It is unfortunate that the applicability of the decision in Healey is a matter of doubt but I am unconvinced by Mr Cavanagh’s attempt to distinguish it and I accept the proposition which Mr Goudie seeks to extract from it. Further, I think it right to attach some weight to the fact that an applicant for IHRB does so on the basis, made plain to the employer when the form is sent on to him, that she has been told that she should arrange for the employment to be terminated at the earliest possible retirement date. She, in effect, represents to the employer that if IHRB is granted it will be on that basis and when she accepts IHRB from T.P. she does so on that basis. The employer will, it seems, usually or even always be told, when he is informed that an IHRB application has been granted, that he, too, should arrange for the termination of employment but, in contrast to the employee’s position, he will not have been told previously that he should arrange a termination and he will have done nothing to suggest that he accepts that he should. The primary obligation to make arrangements for an early termination seems to me thus to be on the employee. It is, of course, within the employee’s power to do so – Section 3 clause 2.1 of the Burgundy Book – even should the employer not cooperate. Absent other and consensual arrangements, retirement from the employment under Healey will occur on the acceptance of retirement benefits. They are, after all, retirement benefits which the applicant sought and received and, as Healey illustrates, one cannot simultaneously be wholly retired from and yet be still in one and the same employment.
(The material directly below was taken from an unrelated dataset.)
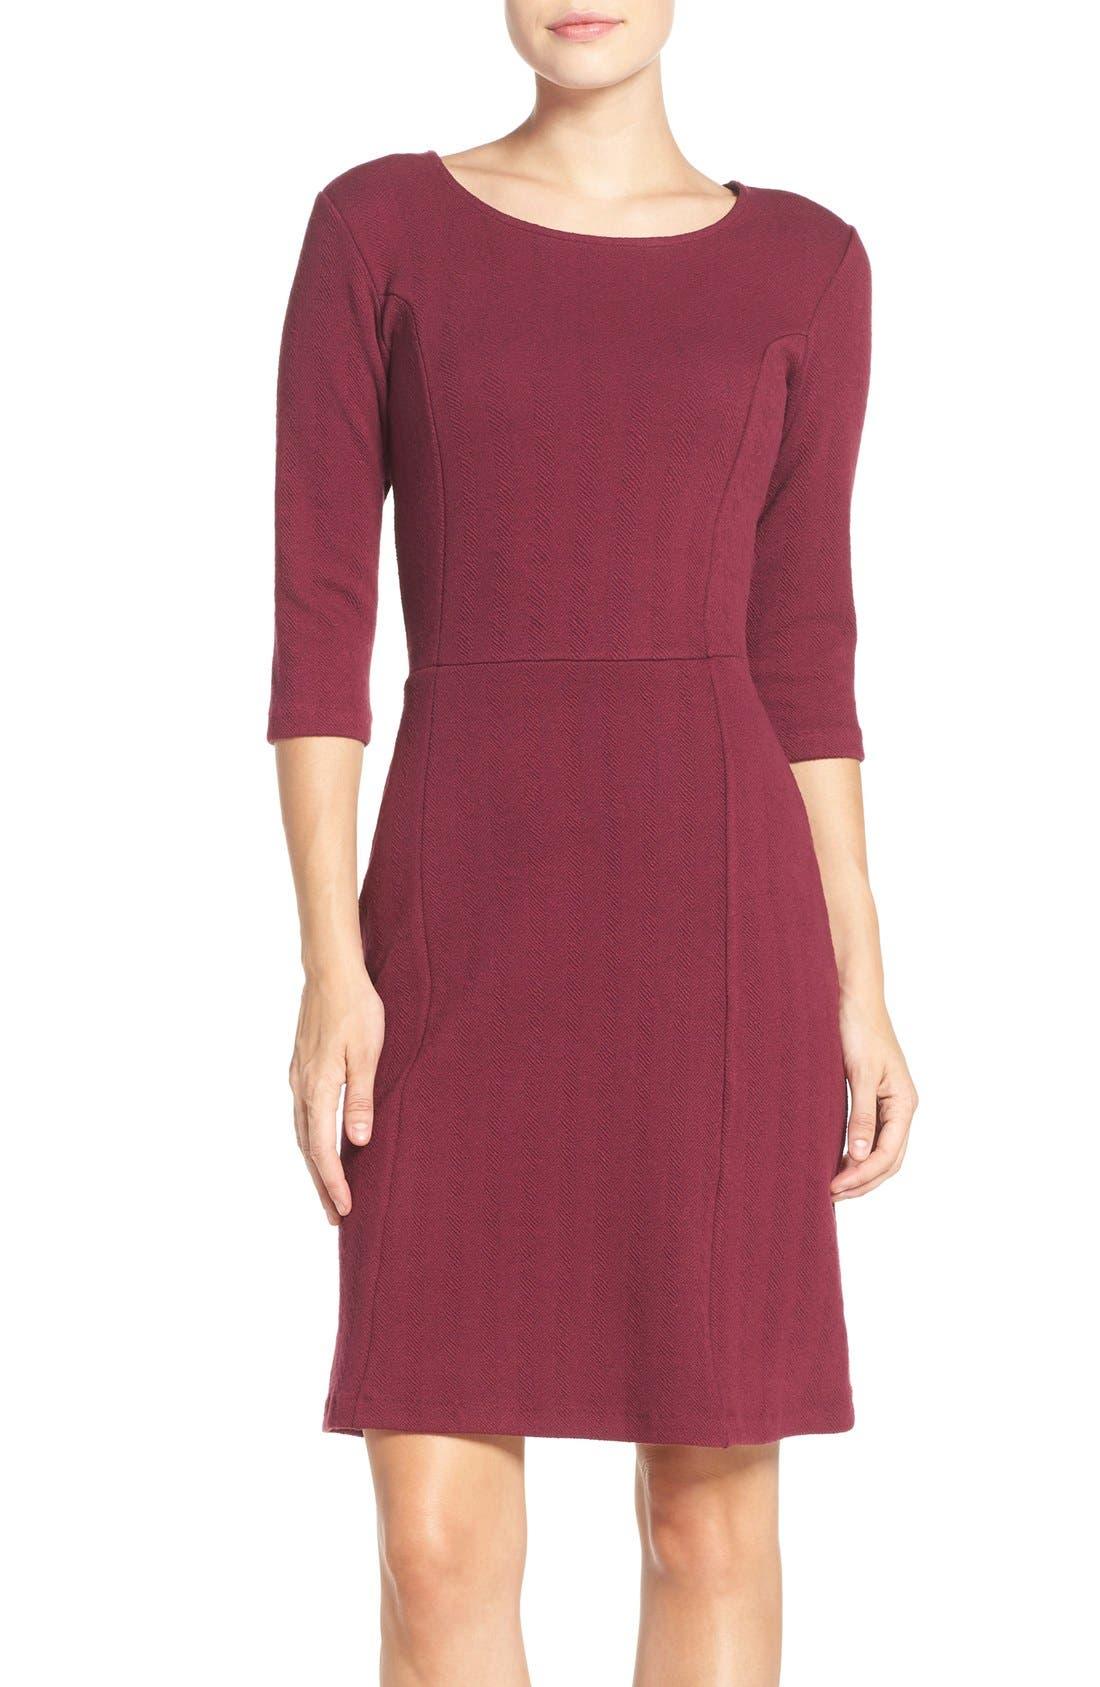 Alternate Image 1 Selected - Leota 'Avery' Jacquard Knit Sheath Dress

If I am right in that view then Healey is decisive of the cases before me. On that view, then, on the facts, each of the Teachers has already resigned and thus there is no need for the employer to serve a notice of dismissal and such a notice would be redundant if it was served. However, lest, on a fuller examination of the papers in Healey, it can be seen that Healey is distinguishable in the way in which Mr Cavanagh seeks to distinguish it, and out of respect to the very much greater citation of authority and argument that I have received than was received by the Court of Appeal in Healey, I shall deal with the other arguments raised before me.
Operation of law
Mr Goudie here relies on two cases, the first of which is Tarnesby –v- Kensington and Chelsea Health Authority (Teaching) [1981] ICR 615 H.L.. Dr Tarnesby’s name was for a time suspended from the Medical Register after the appropriate Medical Authority had found him guilty of infamous conduct in a professional respect. The Hospital Board, his employer, informed him that in view of his suspension his contract of employment had ended. He sued for a declaration that his employment continued. He was unsuccessful at first instance and in the Court of Appeal. The House of Lords dismissed his appeal. The relevant statute provided that “no person, not being fully registered, shall hold any appointment as …. Medical Officer ….. in any hospital”. Lord Russell of Killowen, with whose speech Lord Fraser and Lord Lowry agreed, at page 618 c-d, speaking of erasure of the doctor’s name from the Register said:-
“Erasure would clearly in my opinion have brought about the statutory ban in this case and an automatic termination by law of the Appellant’s appointment and of the contract with the Board which was the basis of that appointment. The contention put forward was that the appointment was one thing and the contract of employment was another, the section affecting only the appointment. I am wholly unable to accept that position: the contract of employment and the appointment were not two things but one.”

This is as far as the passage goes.